RWE is just one of many polluters "but you have to start somewhere," Verheyen said.
"If the court upholds the claim, this will send a clear signal to other major emitters," said Petra Minnerop, professor of international law at Durham University, adding that though it is being heard in Germany, the case could set a serious international precedent.
The energy company RWE is of the opinion that it is not legally possible to attribute the effects of climate change to a single emitter.
Growing international climate lawsuits
Since the initial proceedings began in 2015, cross-border climate lawsuits have also been filed in other countries.
In the Netherlands, the oil and gas company Shell was in court until recently.Non-governmental organizations claimed the right to "protection from climate change" but were ultimately unsuccessful in their demands that the company rapidly halve its emissions.
In France, the fossil fuel giant TotalEnergies was sued in a case demanding it align business practices with the Paris Climate Agreement.
According to Minnerop, negotiating questions of responsibility for climate risks exclusively at a national level is not enough in the long term.
"Climate justice can only be achieved if we see it as a serious task within the framework of international law and pursue it with the priority that results from the scientific evidence," she said.
If he loses, Lluiya fears that he and his village will end up without protection from flooding.
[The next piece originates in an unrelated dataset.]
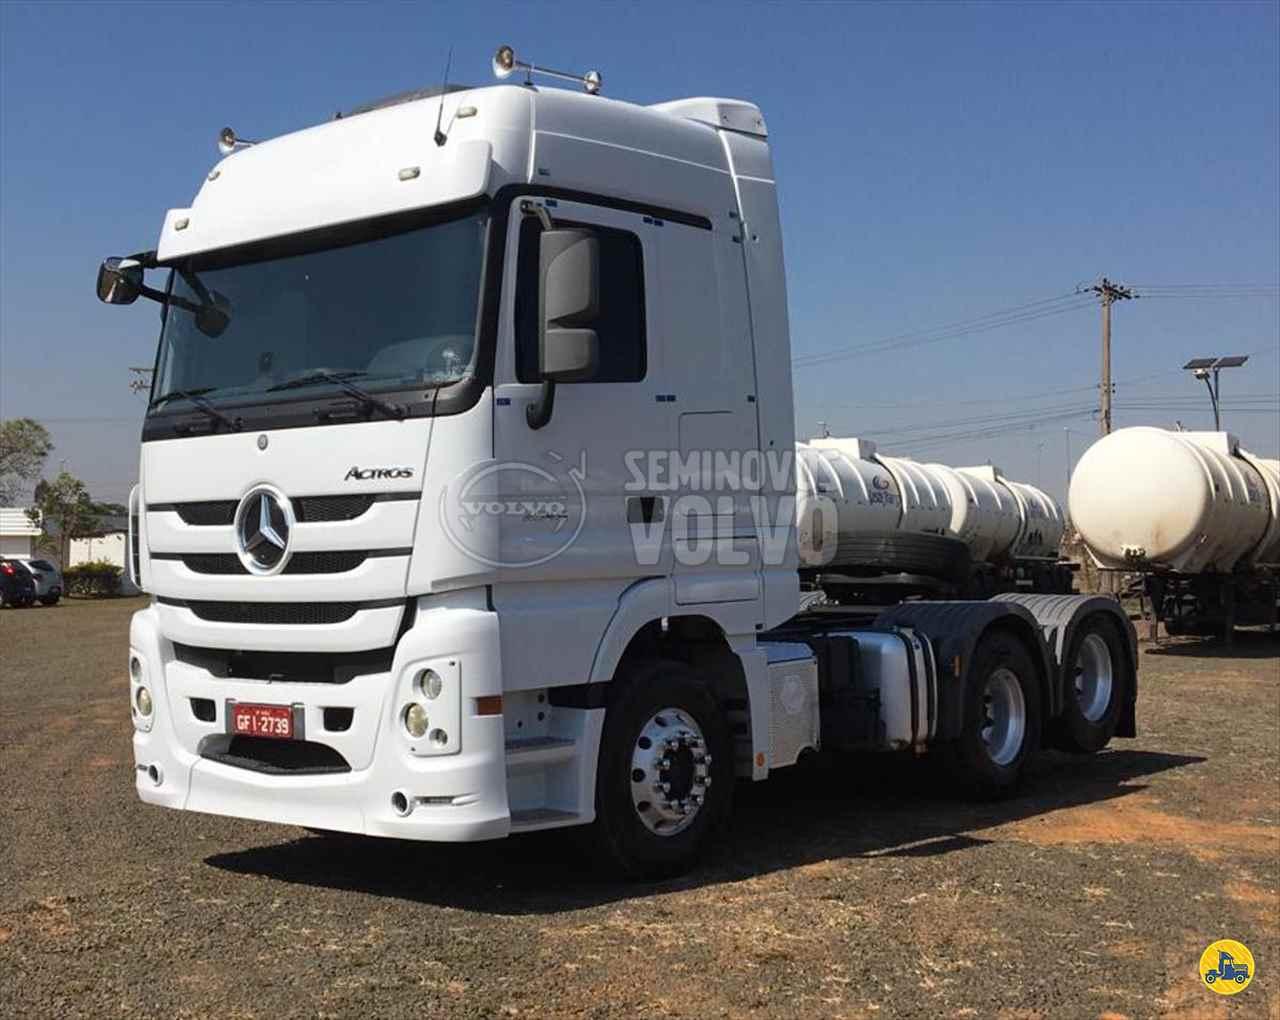 CAMINHAO MERCEDES-BENZ MB 2546 Cavalo Mecânico Truck 6x2 SEMINOVOS VOLVO CURITIBA PARANÁ PR

He says that although the Peruvian authorities have plans for a dyke, there is no knowing whether it will be built, and that money from RWE and international attention for the construction could be helpful.
If he wins, Lluiya says it will be a happy moment because it will signify "progress in the legal field," but it will not "stop the glaciers from melting."
The court may decide as early as this week whether the proceedings will continue.